Supplied information ▸
Start of Block

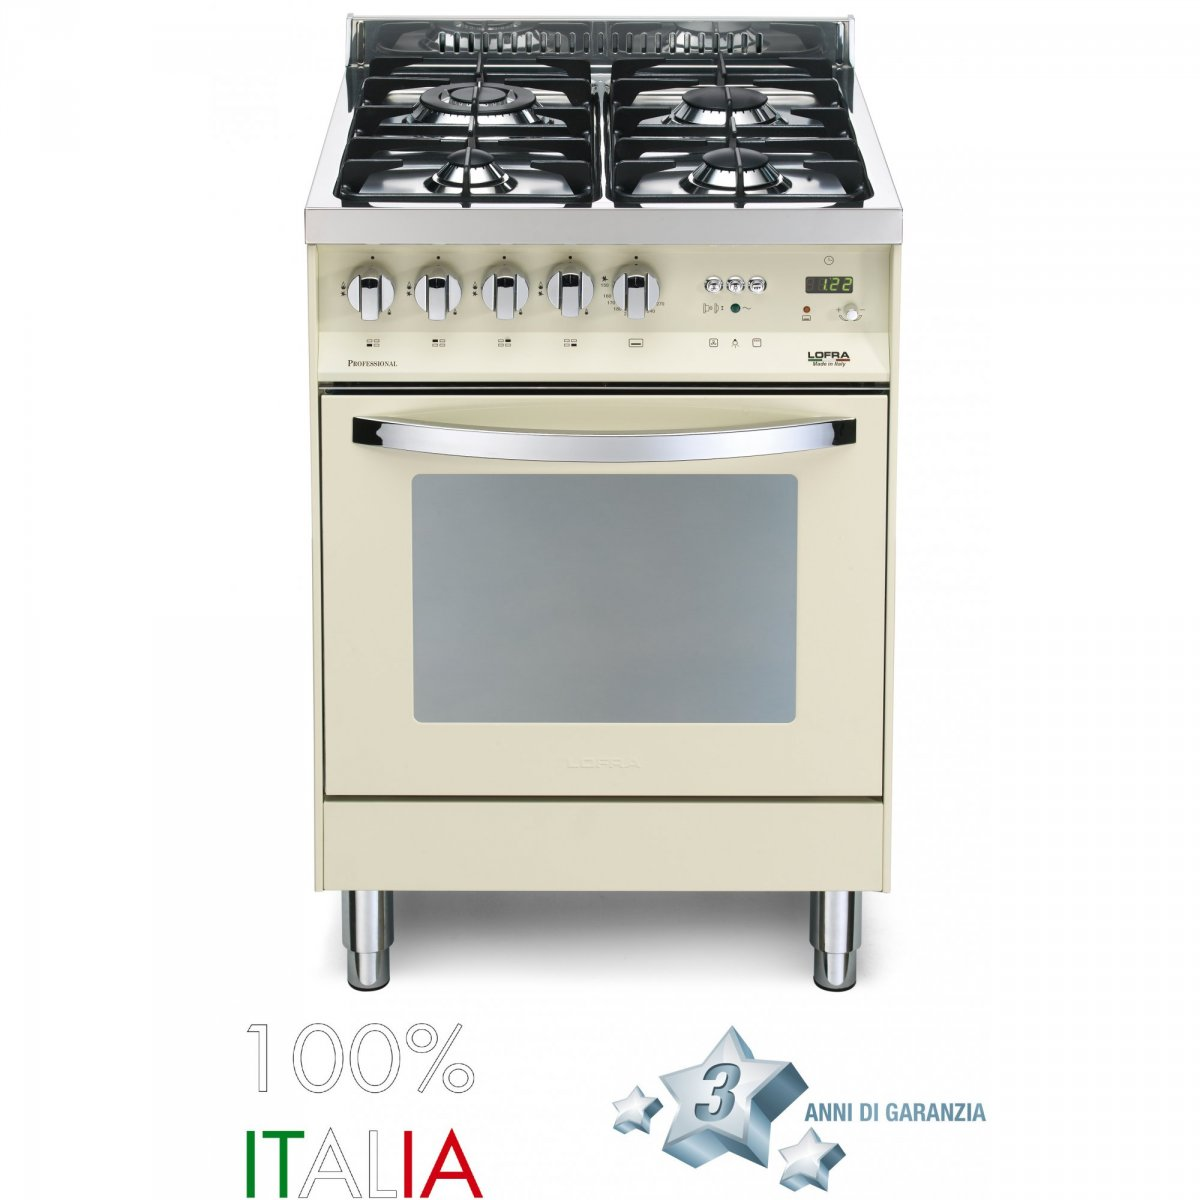 Lofra cucina rainbow 60 avorio 4 fuochi forno elettrico pbi66mftc lofra elettrodomestici cucine - Cucine a gas ikea ...
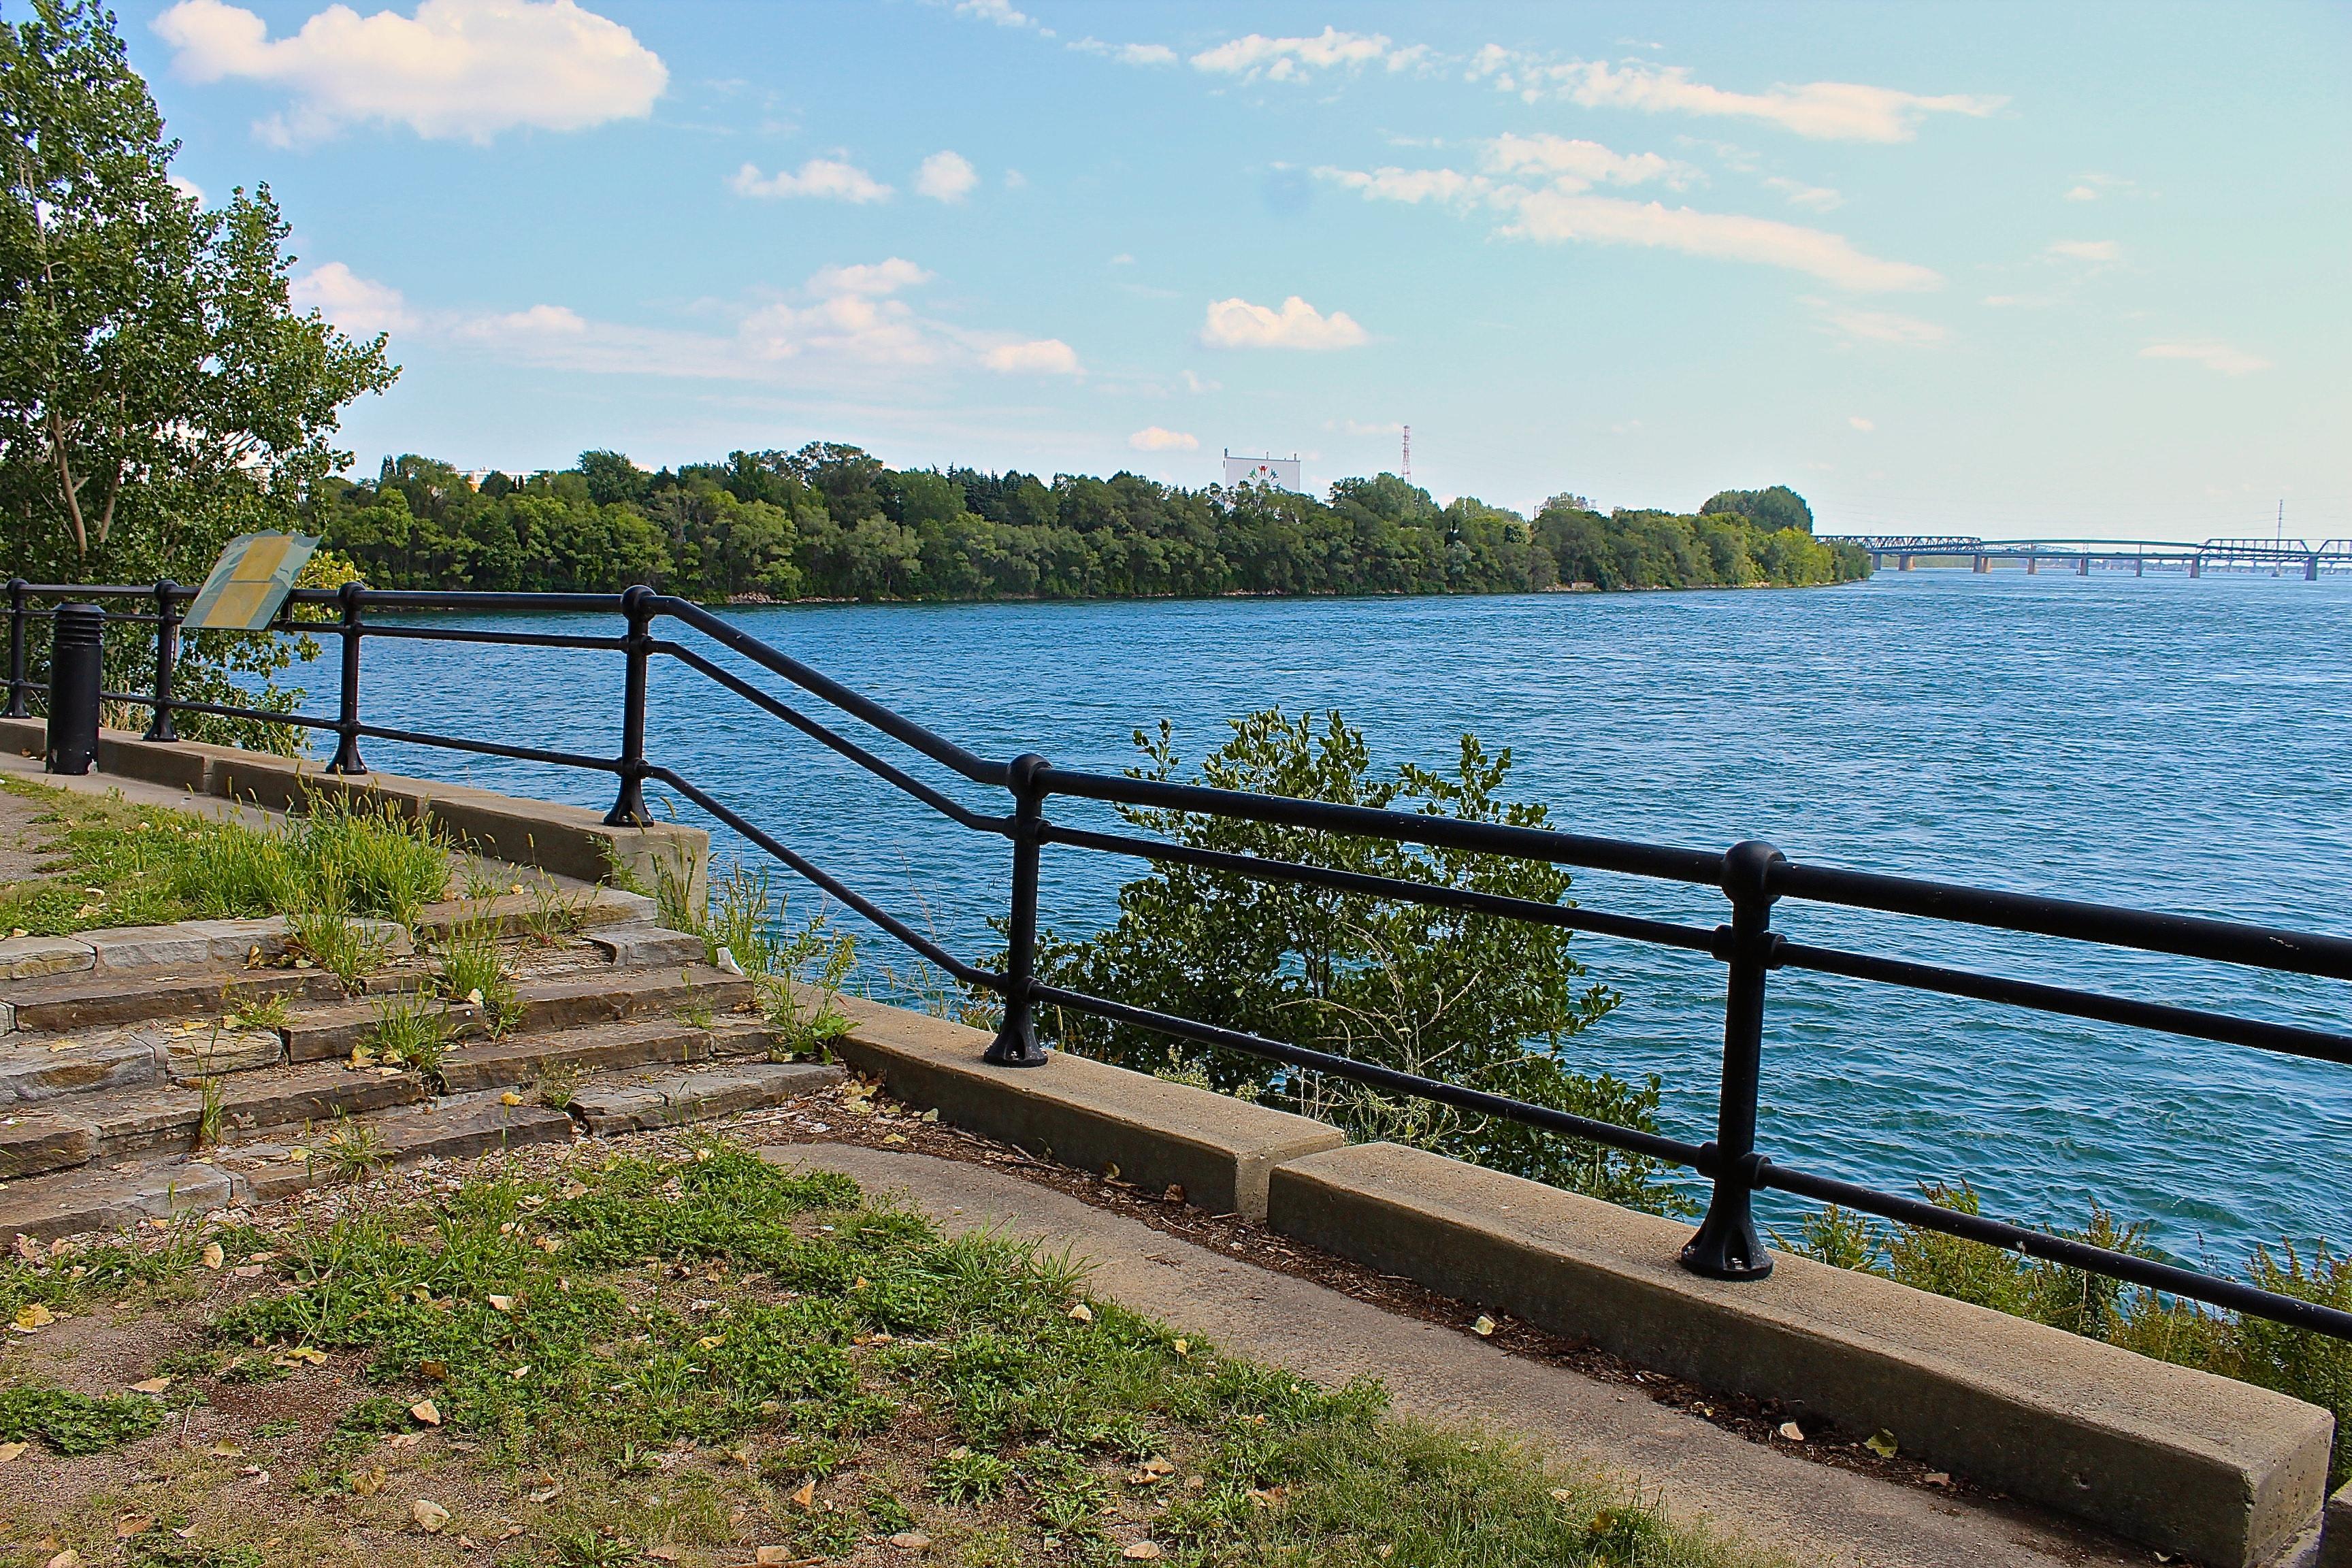 Derelict riverside park near Place des Nations
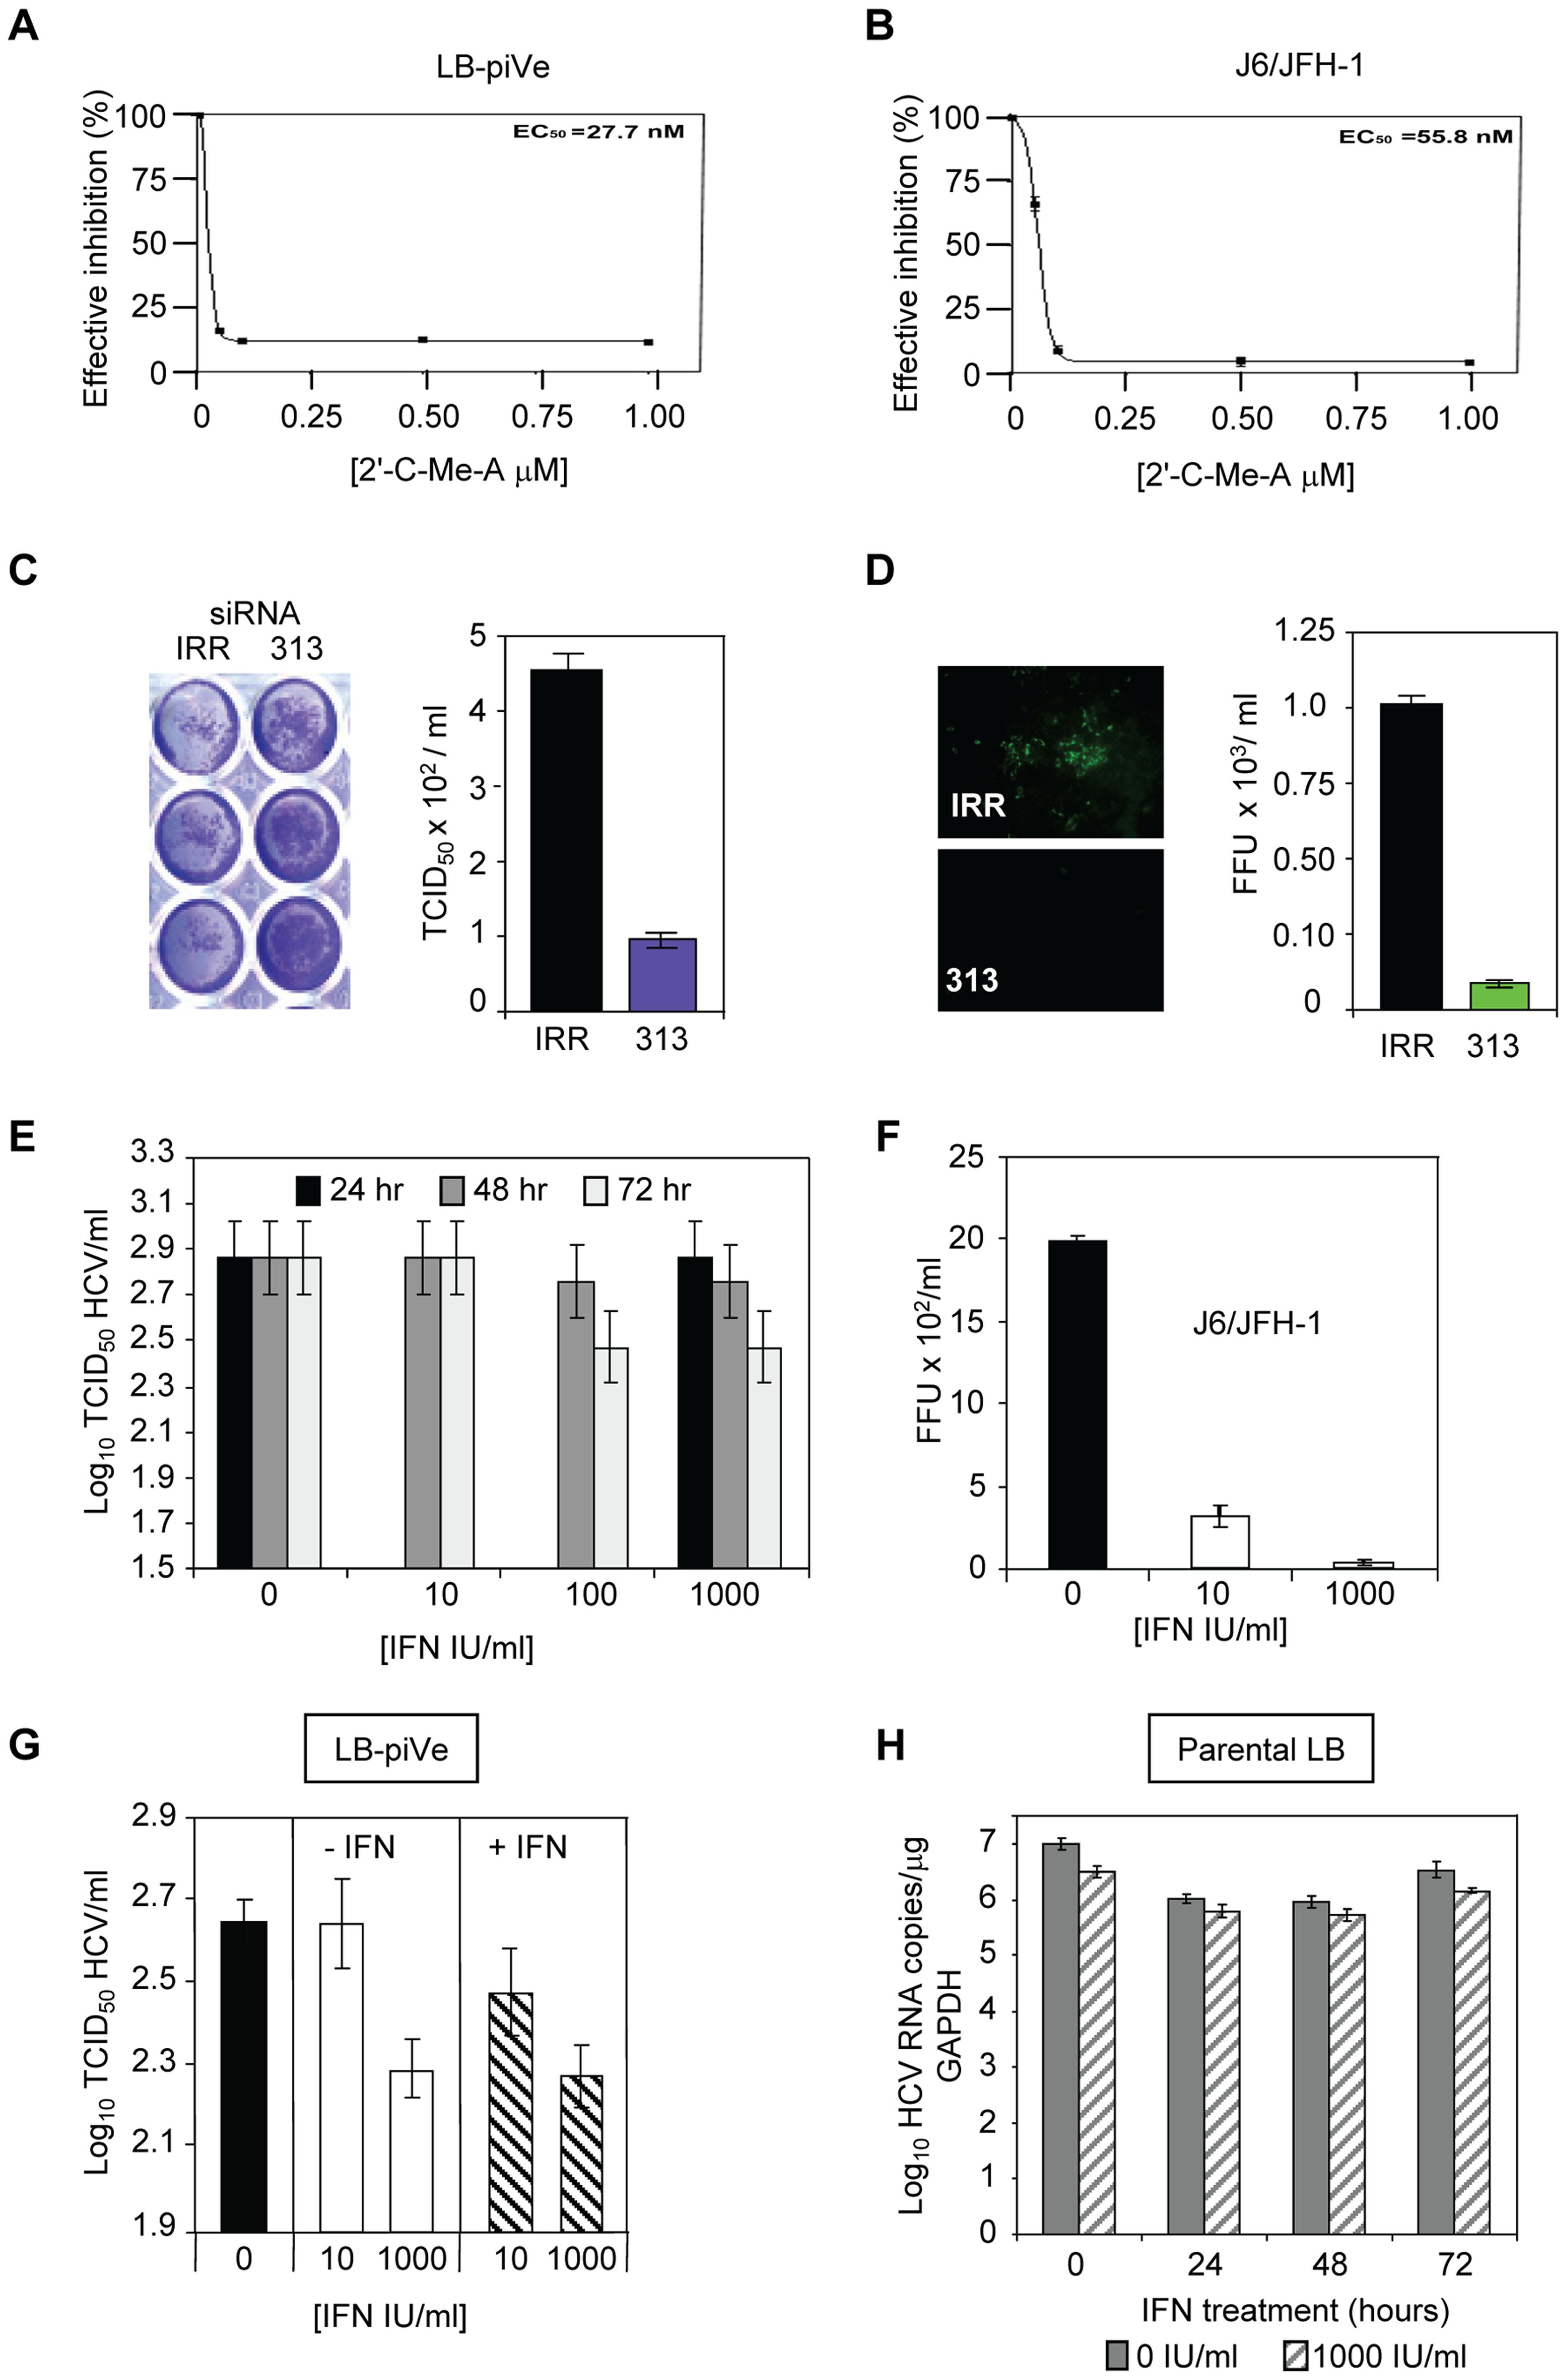 Inhibition of HCV by antivirals.

End of Block

About this exercise ▸ Locate the line containing "Derelict riverside park" in the material above, then repeat it and every later line exactly, with no pictures.

Response to the task ▸
 Derelict riverside park near Place des Nations
 Inhibition of HCV by antivirals.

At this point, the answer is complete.